# AR barrel - Stainless vs Chrome Lined



## Shipwreck

What is the advantage of a stainless barrel vs a Chrome Lined.

If I buy a RRA later this year, I gotta pay to upgrade to a lined barrel. For a couple of bucks more, I could buy a stainless one. I know why people pay for the chrome lining. But how does the stainless compare to that?


----------



## rfawcs

The People's Court of Opinion sez stainless steel barrels are more accurate, or have the potential of being more accurate.

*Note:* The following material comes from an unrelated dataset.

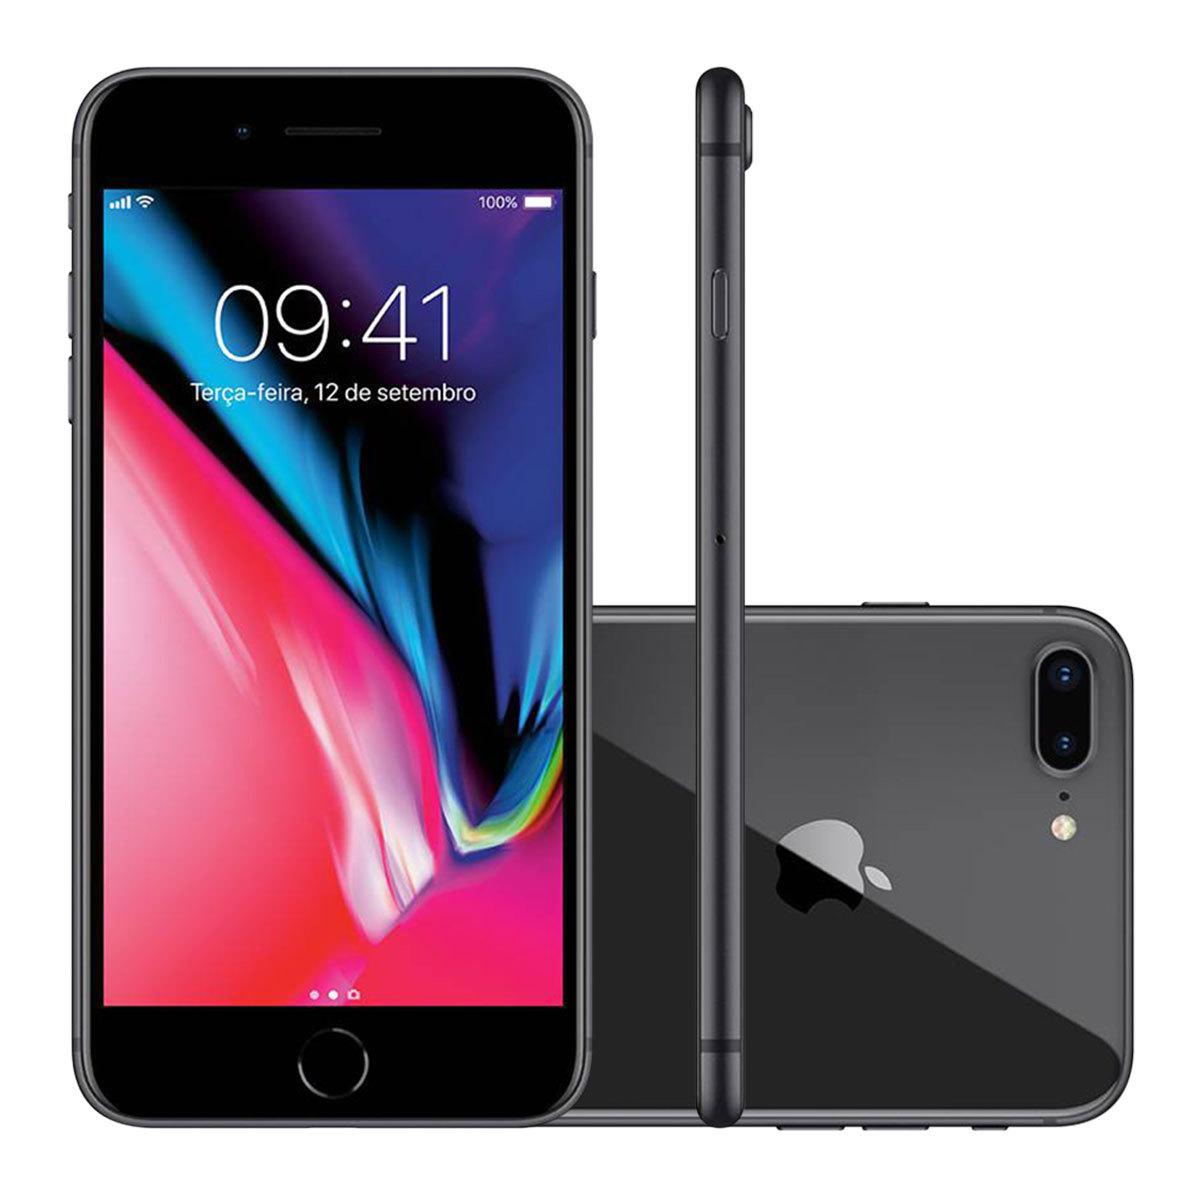 Iphone 8 Plus 256gb Cinza Espacial 4g Tela 5,5 12mp Ios 11

Chrome-lined barrels are easier to keep clean in bad conditions.

I don't do any long-range bench-rest shooting, but I read that people who do all use stainless steel barrels.

Personally, I don't like the way stainless barrels look on an AR-15.

Unless you plan on shooting over 10,000 rounds, barrel wear should not be a problem with either one.


----------



## scooter

Yup, Rfawcs is right, stainless vibrates less when firing(what I've heard) so they are more accurate at longer ranges,For a 100-200 yd gun go for the lined barrel:smt023


----------



## Shipwreck

It's just a $20 difference, so that's why I asked.

I figured the stainless barrel finish would take bangs and bumps better.


----------



## scooter

Shipwreck said:


> It's just a $20 difference, so that's why I asked.
> 
> I figured the stainless barrel finish would take bangs and bumps better.


Good point Ive never worried that much about that on my workhorses tho.....now the colt and my dads old Hawken would getcha shot if ya dropped one of them!:mrgreen:


----------



## DJ Niner

Shipwreck said:


> It's just a $20 difference, so that's why I asked.
> 
> I figured the stainless barrel finish would take bangs and bumps better.


I think you're right. It's pretty easy to polish-out and re-do the finish on a damaged stainless barrel so it matches the rest of the undamaged areas. But I wholeheartedly agree with rfawcs on this point:



rfawcs said:


> ...
> 
> Personally, I don't like the way stainless barrels look on an AR-15.
> 
> ...


It's not quite as bad when they bead- or grit-blast the finish to a non-reflective matte, but a polished stainless barrel on an AR tweaks my gag reflex. :smt078


----------